Available data:

───

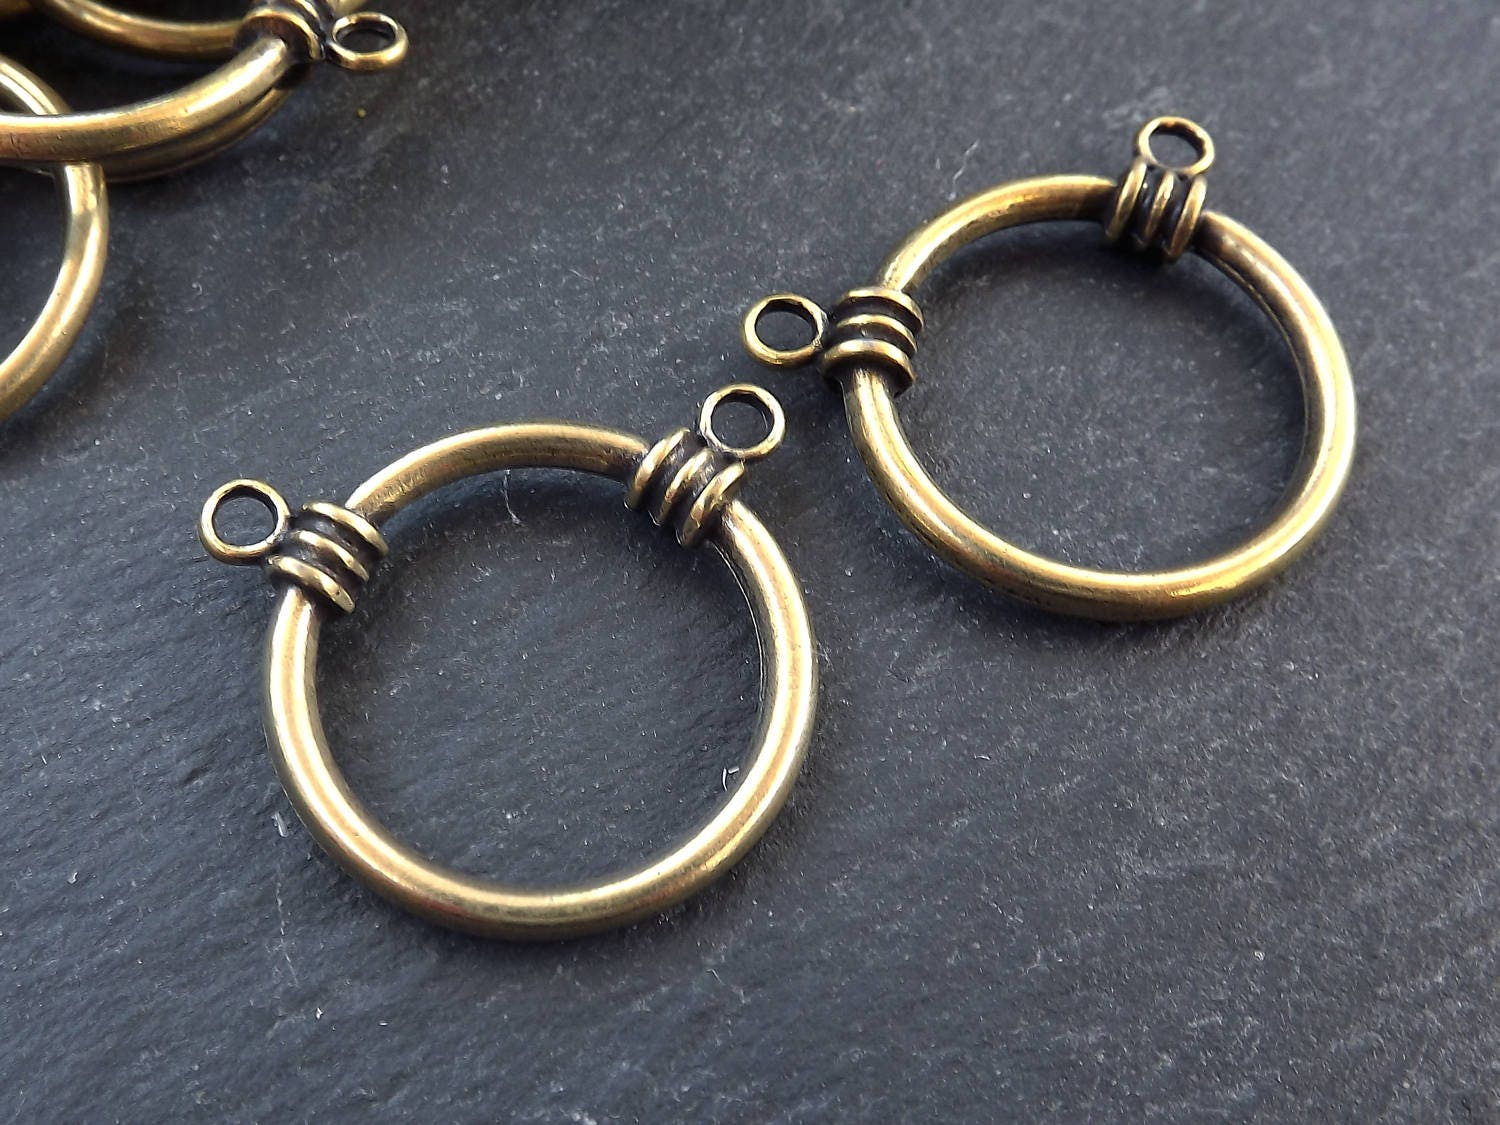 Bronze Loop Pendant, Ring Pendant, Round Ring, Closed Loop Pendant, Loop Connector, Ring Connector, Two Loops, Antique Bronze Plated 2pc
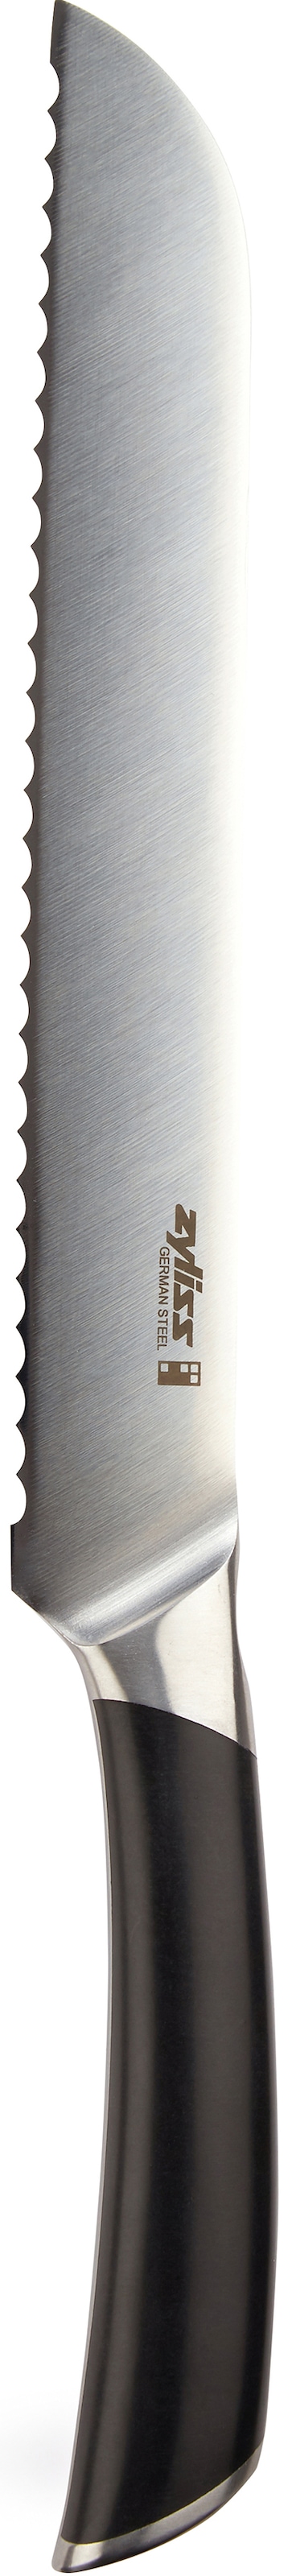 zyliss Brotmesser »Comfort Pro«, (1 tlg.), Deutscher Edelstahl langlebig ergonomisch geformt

───

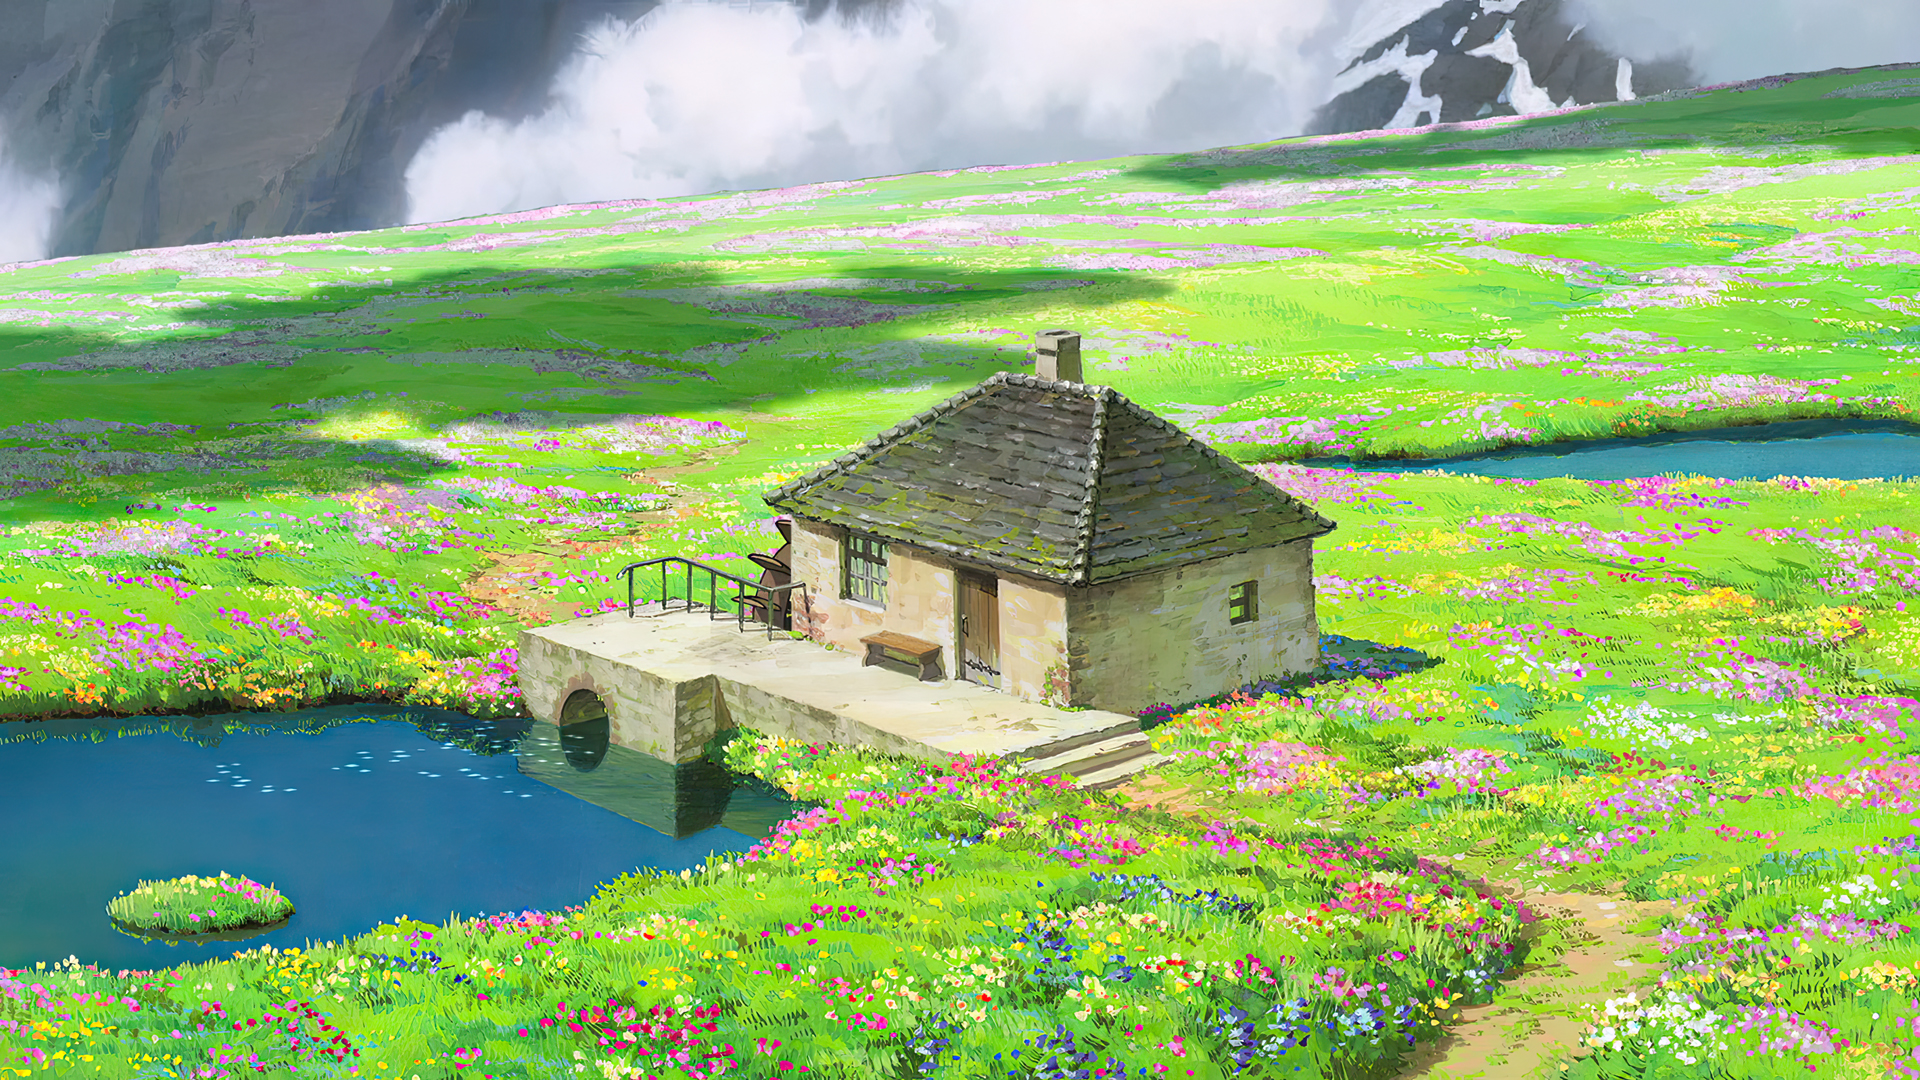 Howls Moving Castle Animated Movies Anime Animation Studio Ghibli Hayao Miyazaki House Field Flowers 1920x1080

───

Requirement: Using the listing above, repeat word for word each line from the one with "Bronze Loop Pendant, Ring" down to the one with "langlebig ergonomisch geformt", both included. Omit all pictures.

Reply to the task:
 Bronze Loop Pendant, Ring Pendant, Round Ring, Closed Loop Pendant, Loop Connector, Ring Connector, Two Loops, Antique Bronze Plated 2pc
 zyliss Brotmesser »Comfort Pro«, (1 tlg.), Deutscher Edelstahl langlebig ergonomisch geformt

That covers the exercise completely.